Sol Lesser     In between these two films Sol Lesser released a monstrosity starring Buster Crabbe.  Lesser never got the handle on Tarzan on his own, instead borrowing the MGM characterization when he acquired the rights from them.

     Lesser and his brother Irving were independent producers of some substance.  Sol was born in 1890 in Spokane, Washington, dying at 90 in 1980.  There is even a biography of his life. Not easy to find and not available on any site when I looked.  If anybody knows where one is or having one could make a copy for me it would be much appreciated.

      Lesser's father who was in the nickelodeon business died in 1907 in San Francisco leaving the business to Sol and Irving.  Sol got involved in distribution in 1910 eventually forming the Golden Gate Film Exchange in 1915.

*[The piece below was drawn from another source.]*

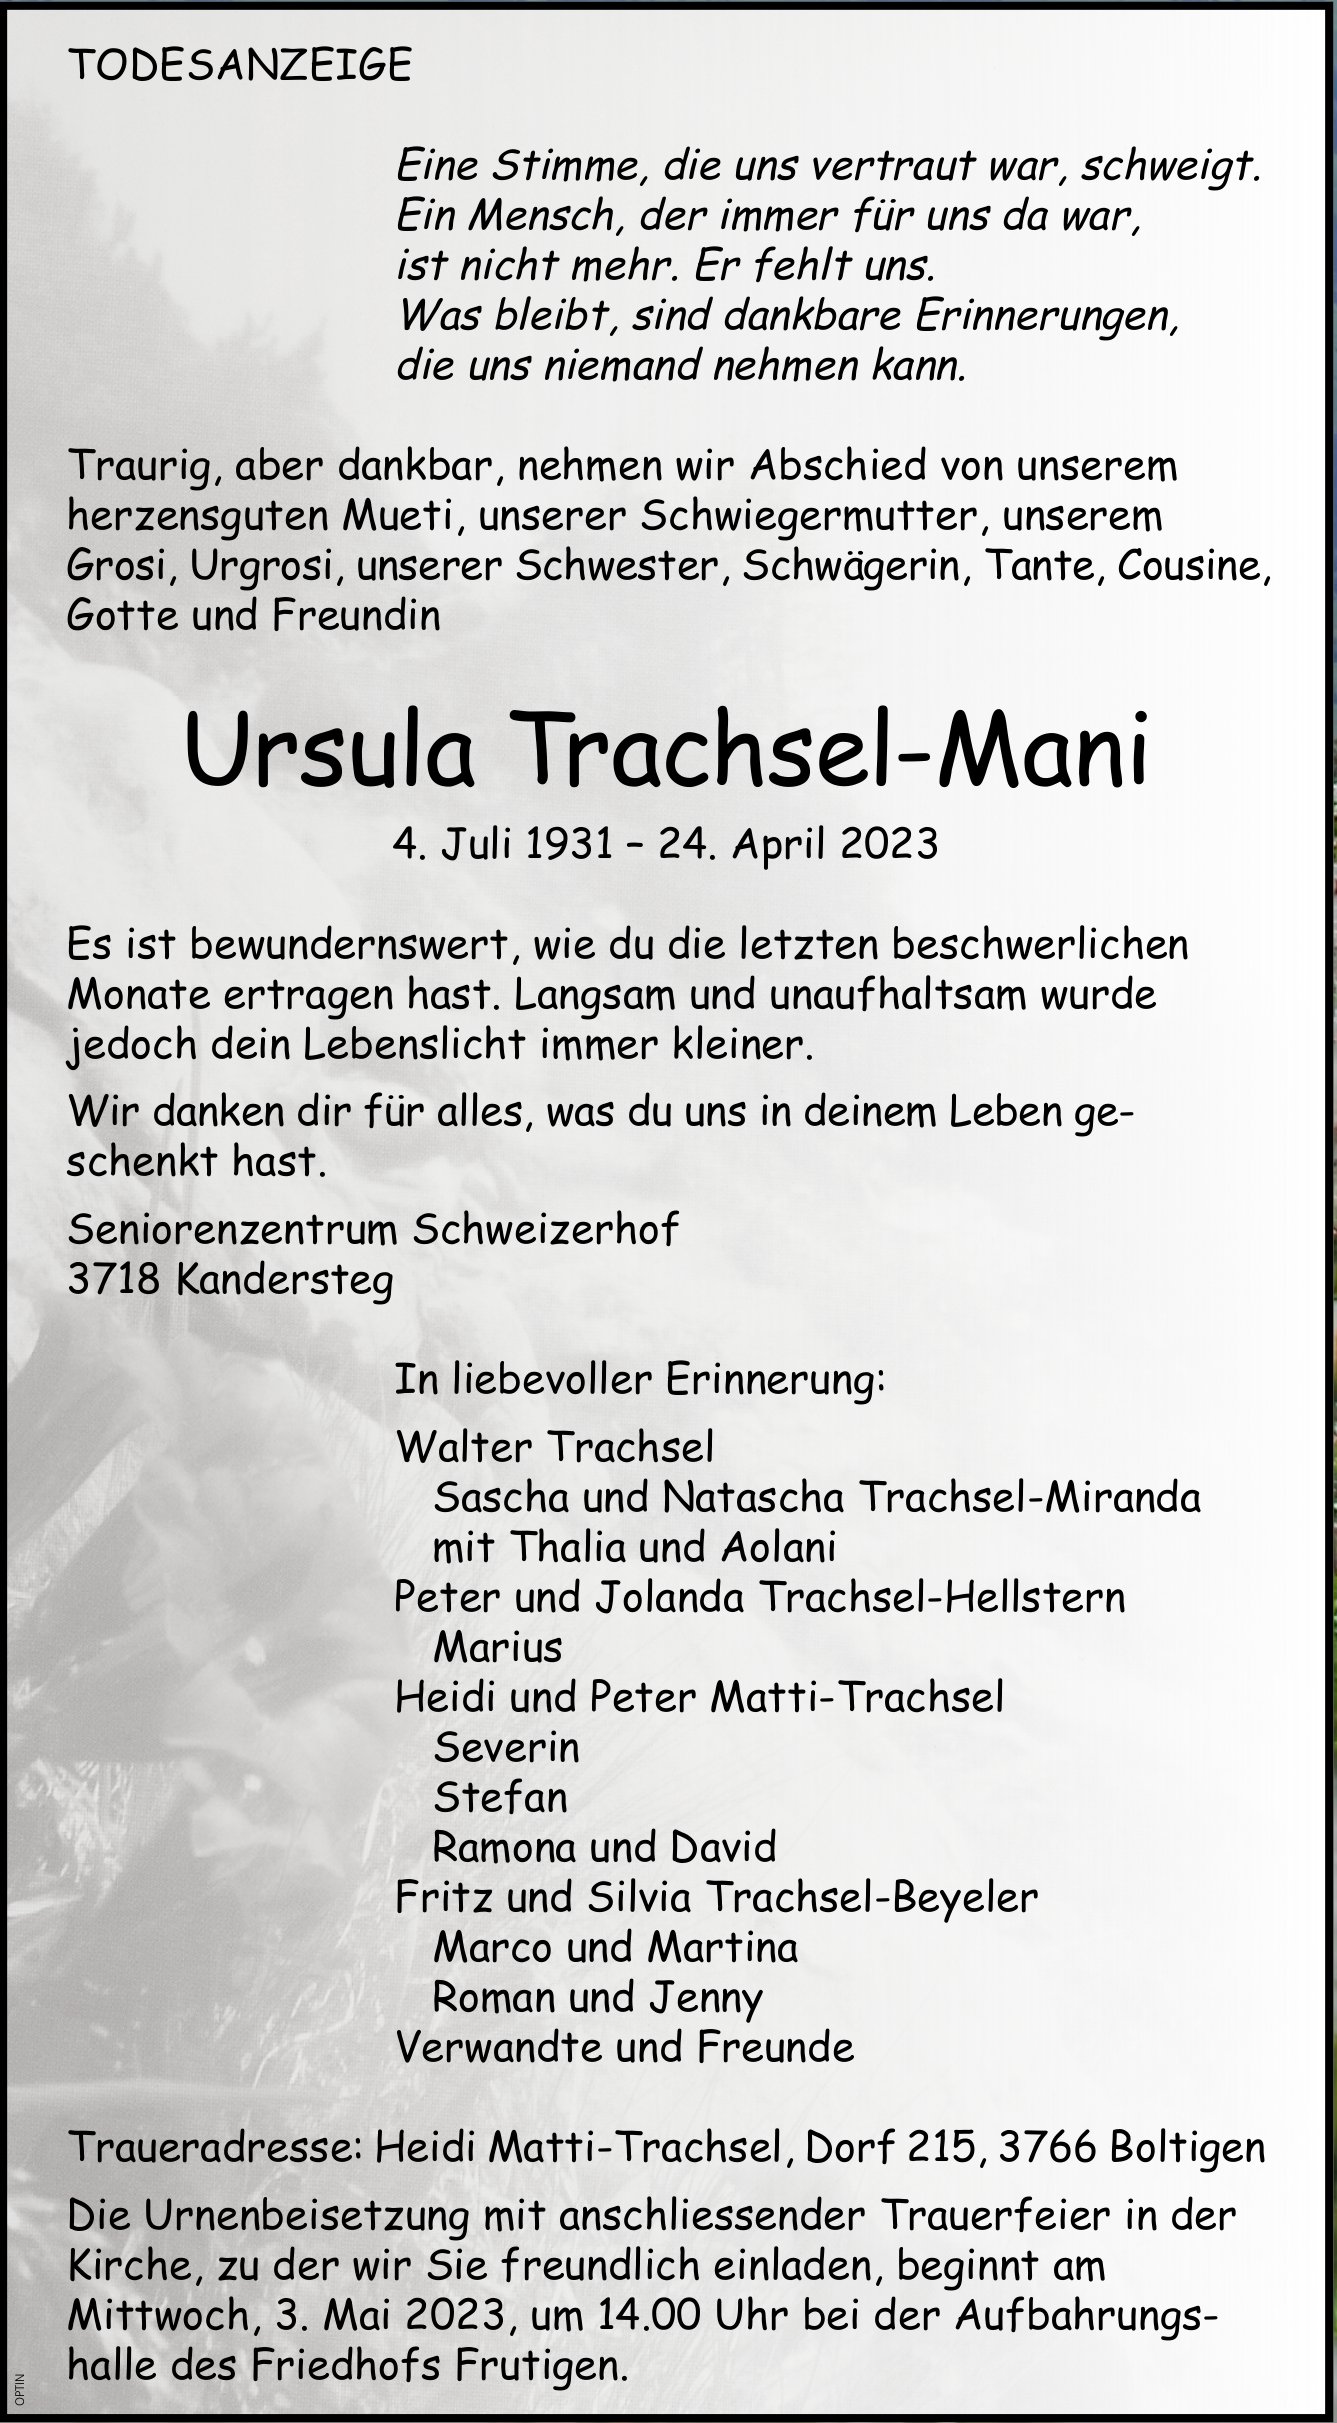 Ursula Trachsel-Mani, April 2023 / TA

     In that year San Francisco's infamous Barbary Coast was shuttered.  Before the closure Lesser filmed the area, selling the movie.  It would interesting if the film were still around.

     He made the right moves.  After distribution he became a producer for First National and then formed a chain of movie theatres.  After an aborted retirement he reentered production forming his own independent studio called either Principle or Principal Pictures.  David Fury spells the name Principal in his Kings Of The Jungle and that sounds right.  This was apparently Sol's status when he acquired the rights to Tarzan from a third party in 1928 and when he made the Crabbe abortion in 1933.

     Lesser was influential in Hollywood.  He made it a point to know and be known.  In the early thirties it was he who was responsible for introducing Disney to Joseph Schench (pronounced SKENK) and facilitating Disney's move from Columbia to United Artists.

     One can't be sure of his politics from the sources cited but according to the New York Times:

     ...Lesser forsook production for distribution again, returning to the creative end of moviemaking in 1931 when, through his friendship with writer Upton Sinclair, he became involved with the Sergei Eisenstein project, Thunder Over Mexico.
    Thunder Over Mexico was undoubtedly a Communist diatribe. Sol Lesser, while involved with conservatives like Disney and Burroughs, also played the other side of the street with the likes of Upton Sinclair and the Jewish-Russian film maker, Sergei Eisenstein of Battleship Potemkin fame.

     It would seem probable that he at least knew such luminaries as Louis B. Mayer and possibly Irving Thalberg.  Even though he could have foiled both Burroughs and MGM with his prior rights to Tarzan, he characteristically stepped aside, for remuneration of course, to let their film play through.  It would be interesting to know how and why he obtained his rights from a third party and how they had obtained theirs.

     One doesn't know what his relationship to Mayer and MGM was at this time but it is noteworthy that he acquired exclusive rights to Tarzan when MGM abandoned the profitable series.  Under Lesser they continued to gross two to three million a picture.

     Sound movies should have been a gold mine for Burroughs if handled properly.  Instead through his impulsiveness and vanity there were at least four competing Tarzans on the screens from 1930 to 1935.  This must have created confusion in the public's mind, while injuring Burroughs financial returns.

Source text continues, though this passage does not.